Carbodicarbenes: Unexpected π-Accepting Ability during Reactivity with Small Molecules.
Wen-Ching ChenWei-Chih ShihTitel JurcaLili ZhaoDiego M AndradaChun-Jung PengChun-Chi ChangShu-Kai LiuYi-Ping WangYuh-Sheng WenGlenn P A YapChao-Ping HsuGernot FrenkingTiow-Gan OngPublished in: Journal of the American Chemical Society (2017)

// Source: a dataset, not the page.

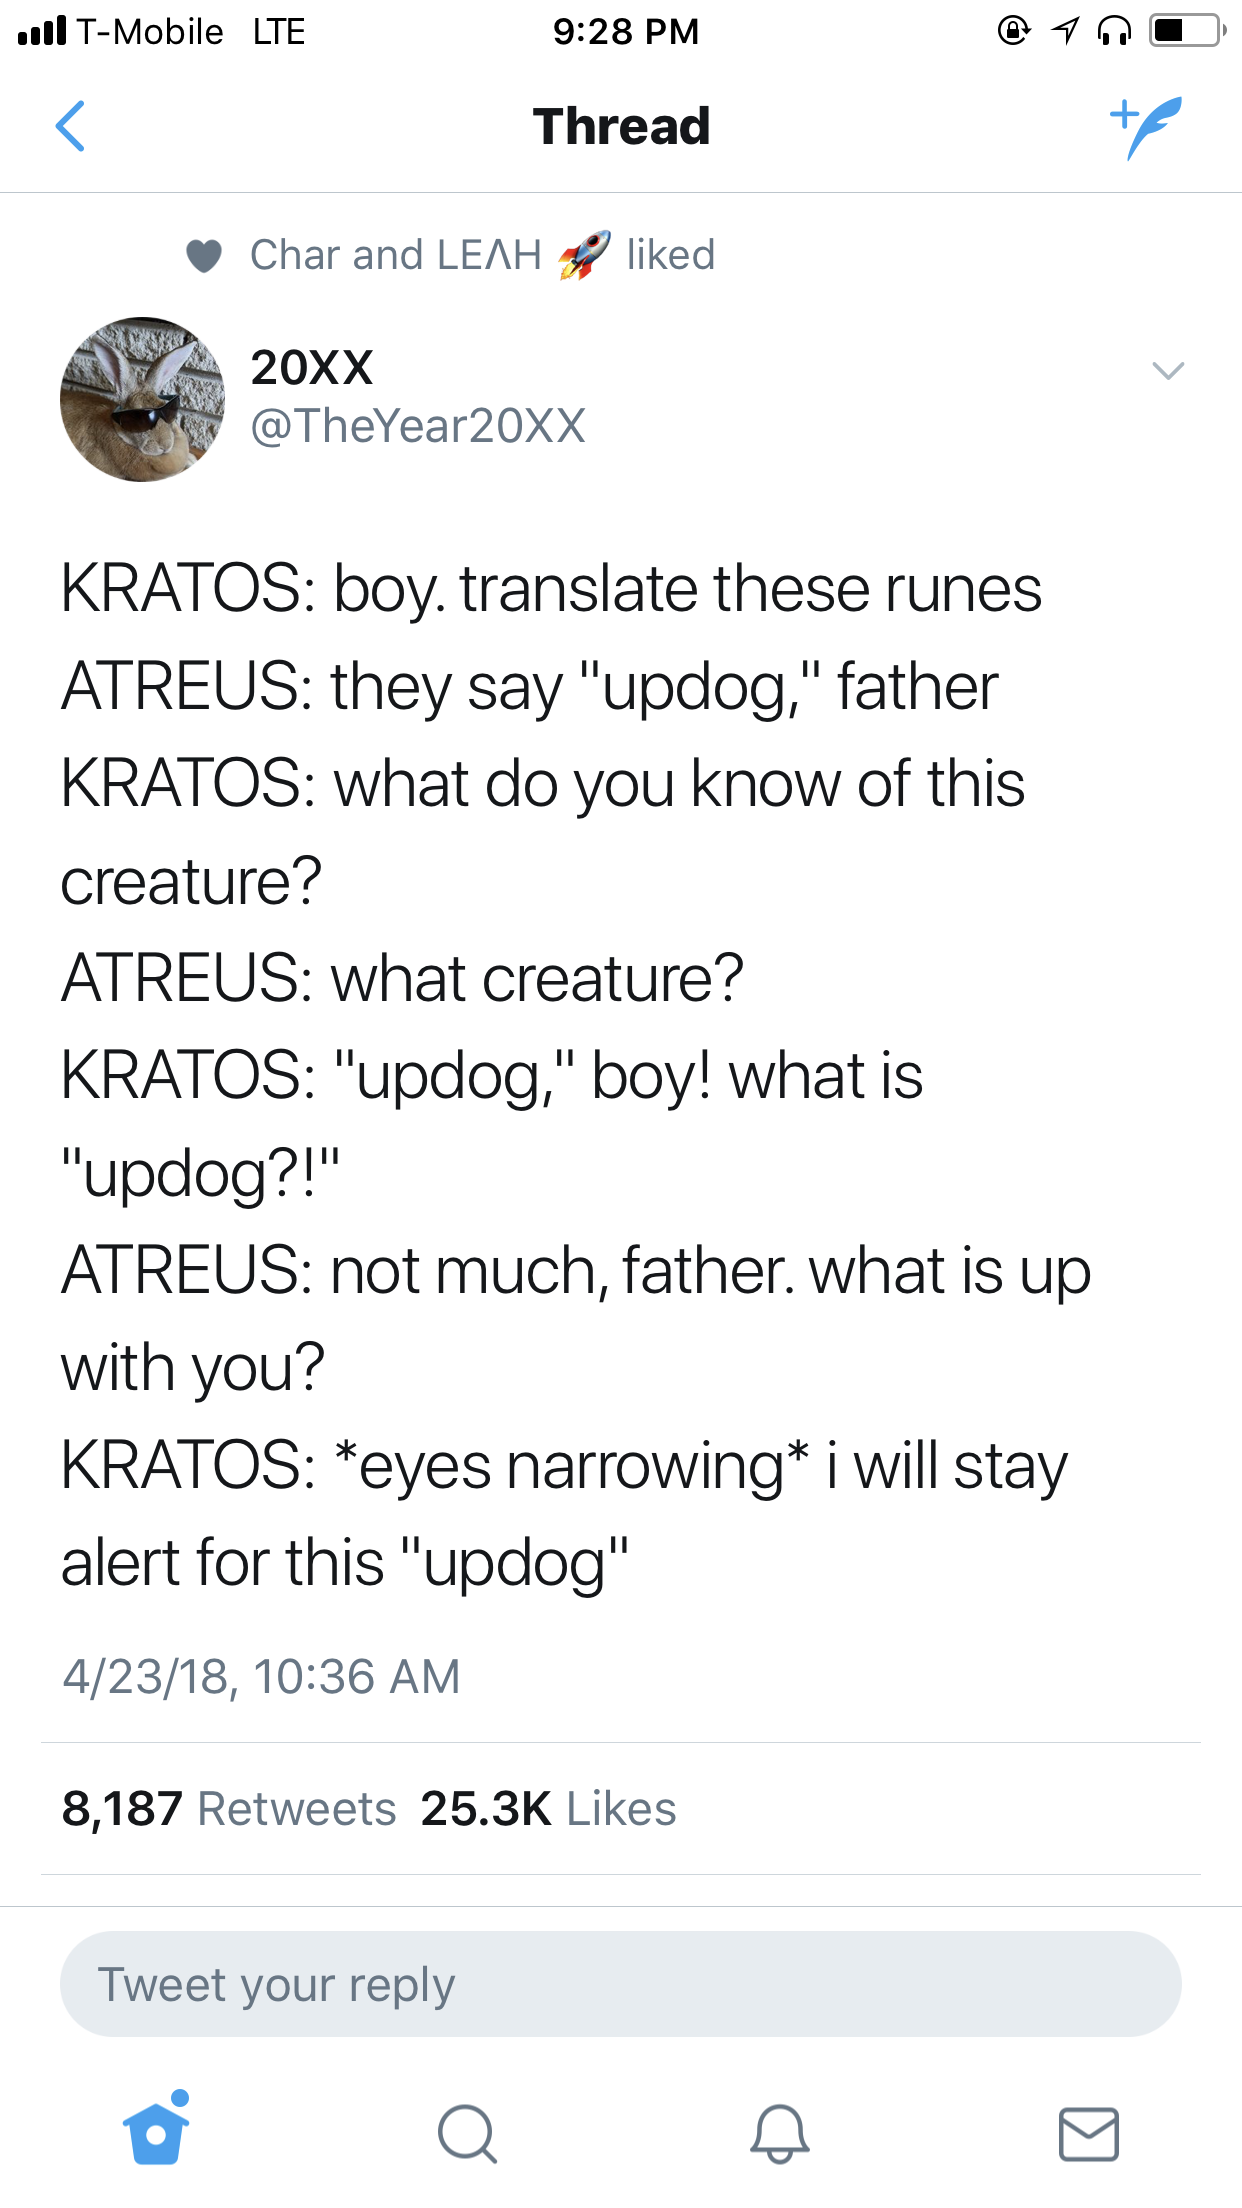 screenshot - .. TMobile Lte 400 Thread Char and Leah d 20xx Kratos boy, translate these runes Atreus they say "updog," father Kratos what do you know of this creature? Atreus what creature? Kratos "updog," boy! what is "updog?!" Atreus not much, father. w

An investigation of carbodicarbenes, the less explored member of the carbenic complex/ligand family has yielded unexpected electronic features and concomitant reactivity. Observed 1,2-addition of E-H bonds (E = B, C, Si) across the carbone central carbon and that of the flanking N-heterocyclic carbene (NHC) fragment, combined with single-crystal X-ray studies of a model Pd complex strongly suggests a significant level of π-accepting ability at the central carbon of the NHC moiety. This feature is atypical of classic NHCs, which are strong σ-donors, with only nominal π-accepting ability. The unanticipated π-acidity is critical for engendering carbodicarbenes with reactivity more commonly observed with frustrated Lewis pairs (FLPs) rather than the more closely related NHCs and cyclic (alkyl)(amino)carbenes (CAACs).